**Source material:**
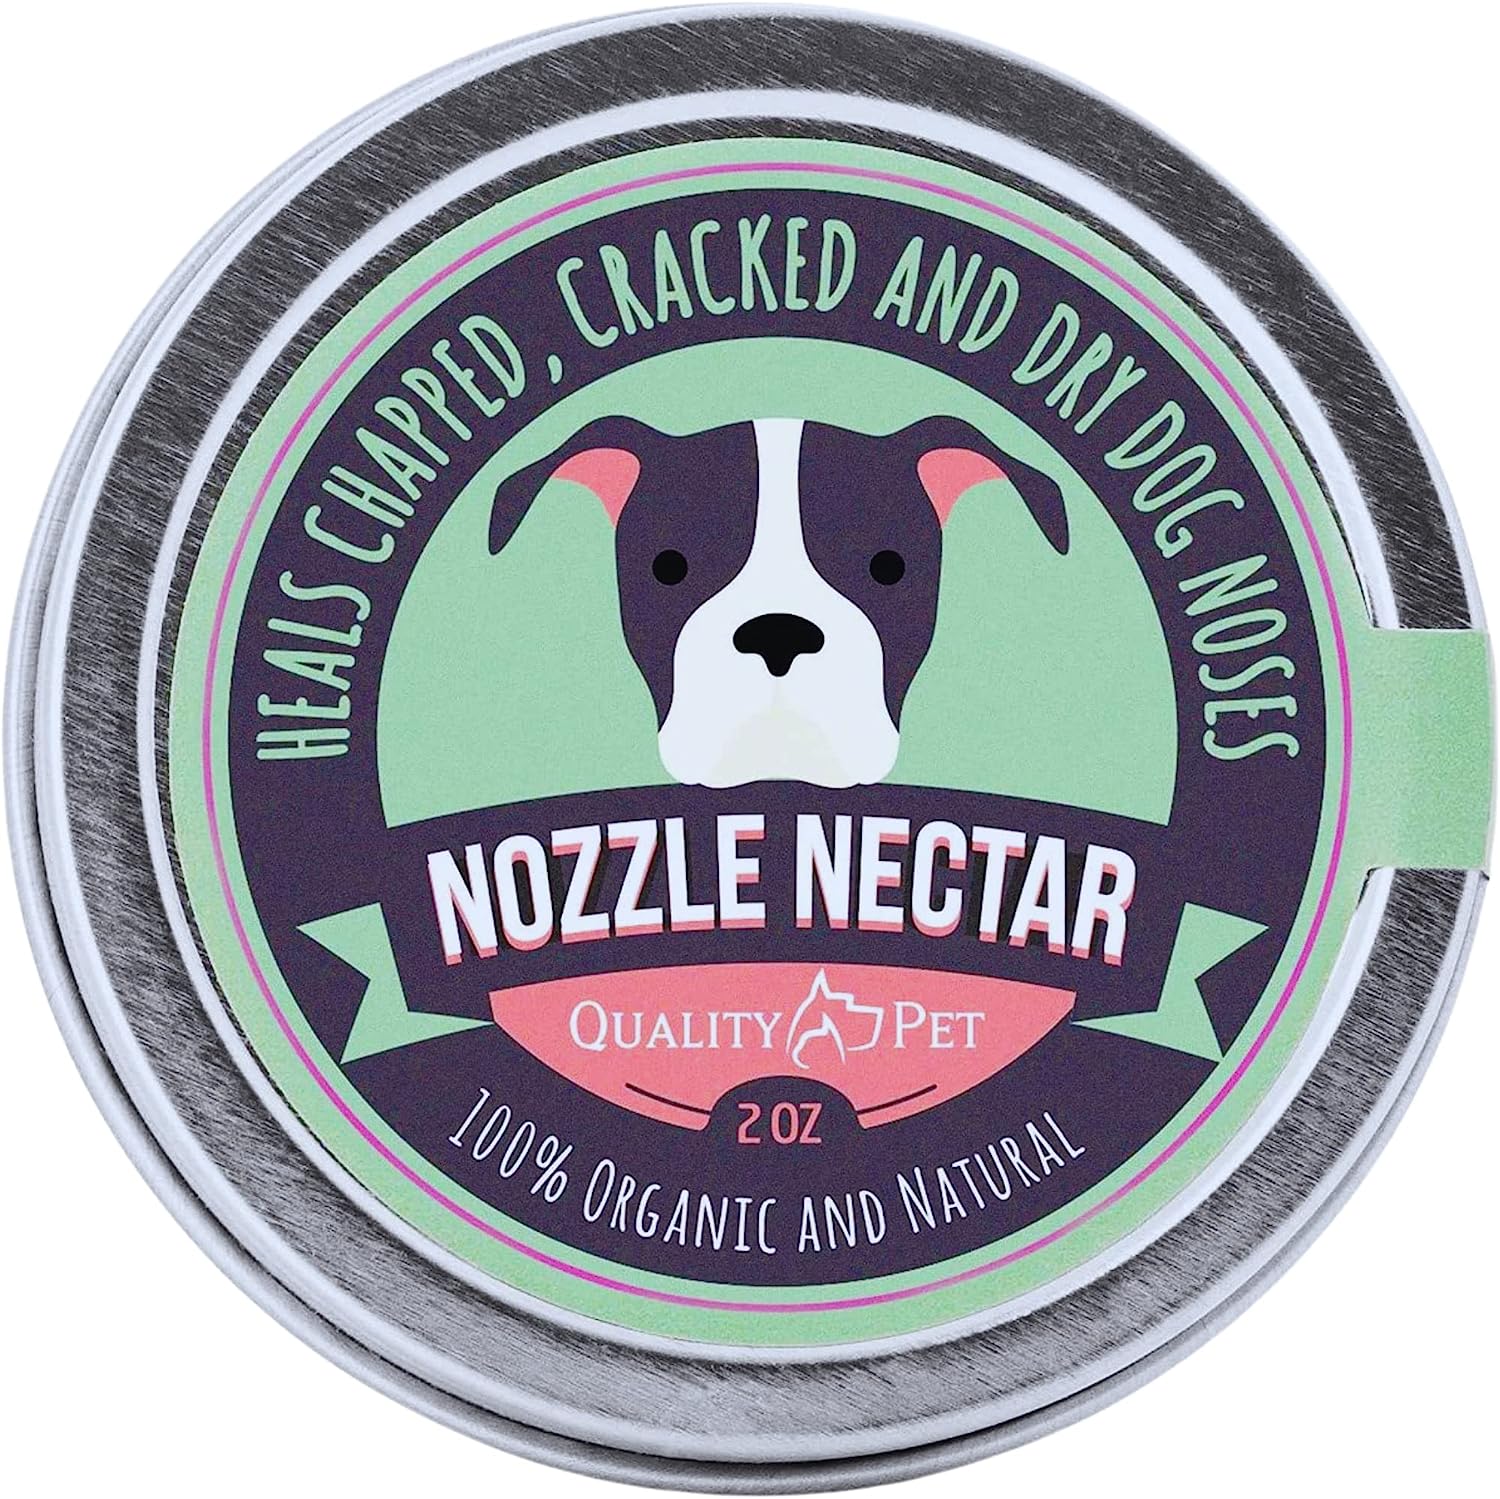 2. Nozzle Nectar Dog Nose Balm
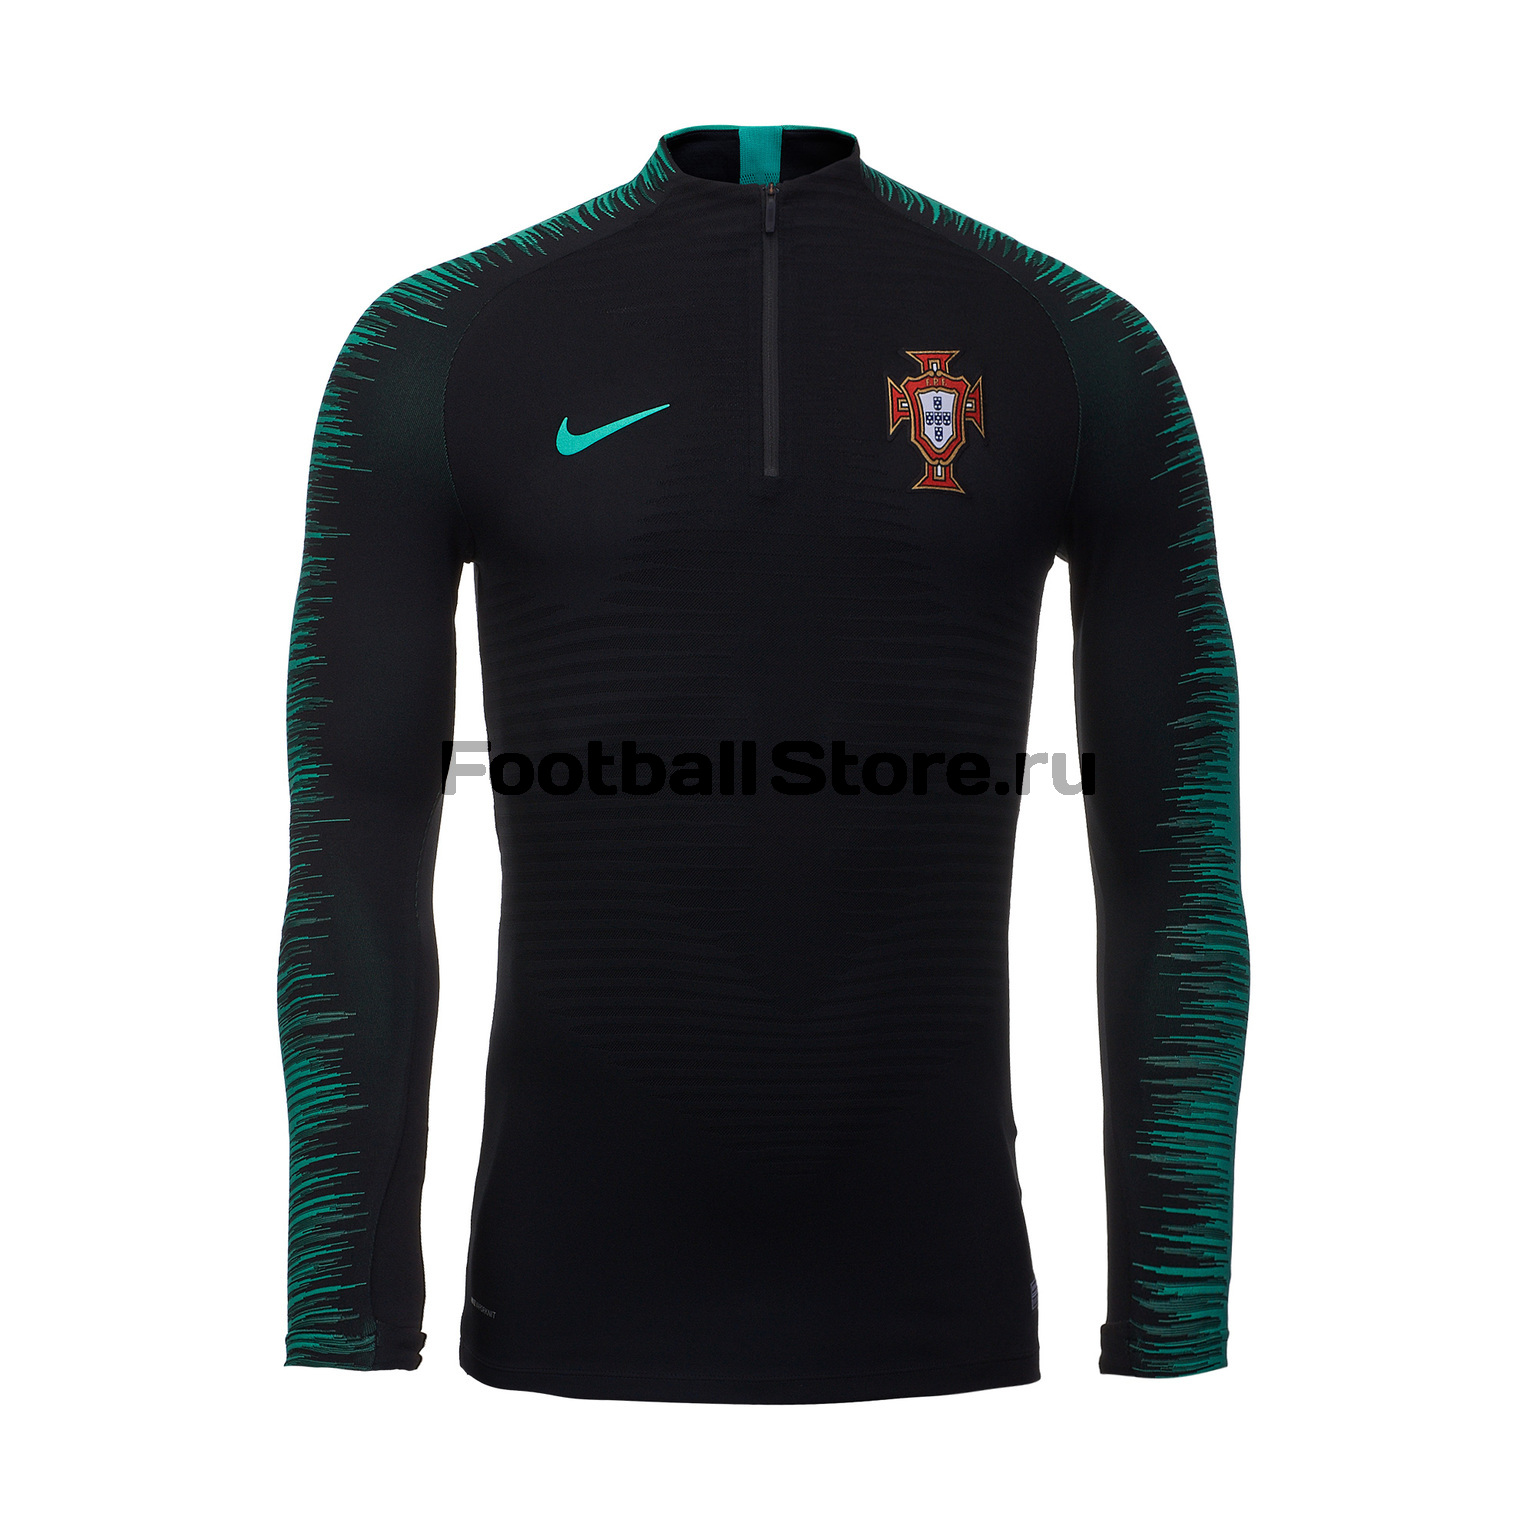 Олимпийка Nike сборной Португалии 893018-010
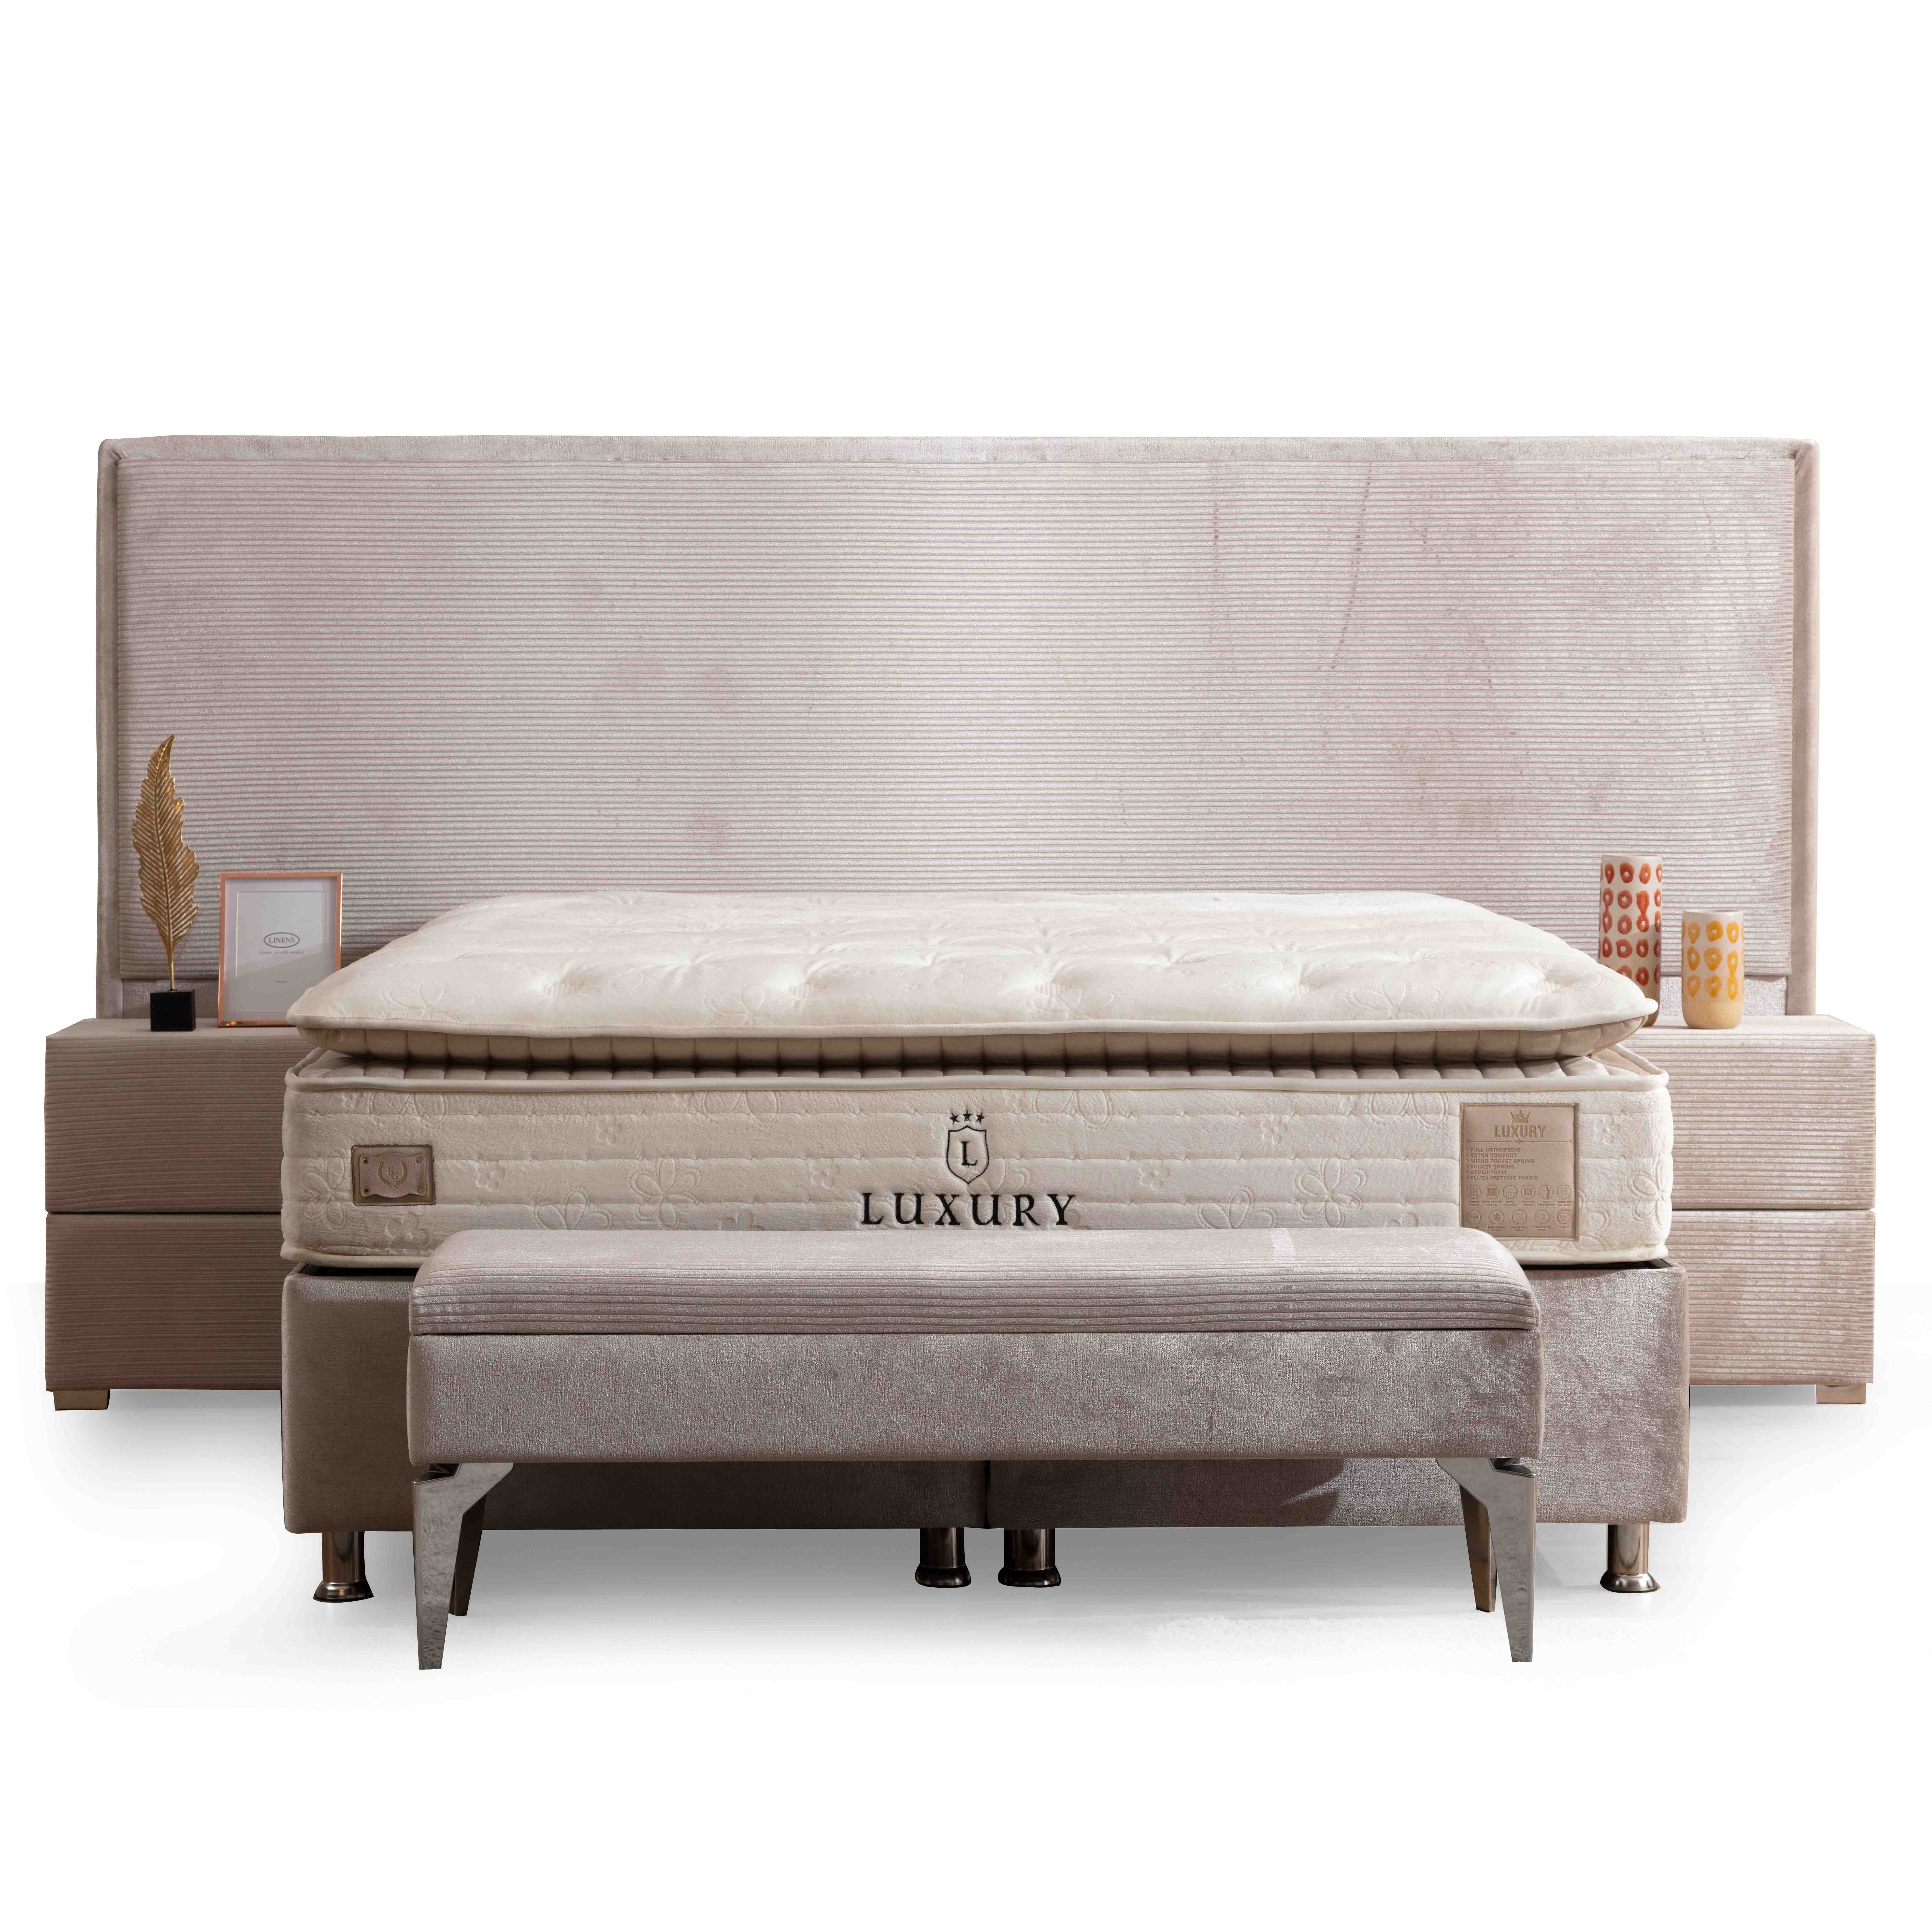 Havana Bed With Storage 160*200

**Goal of the exercise:**
Beginning at the line containing "Олимпийка Nike сборной Португалии 893018-010", restate every line through the end of the material above exactly; omit the pictures.

**Result of this exercise:**
 Олимпийка Nike сборной Португалии 893018-010
 Havana Bed With Storage 160*200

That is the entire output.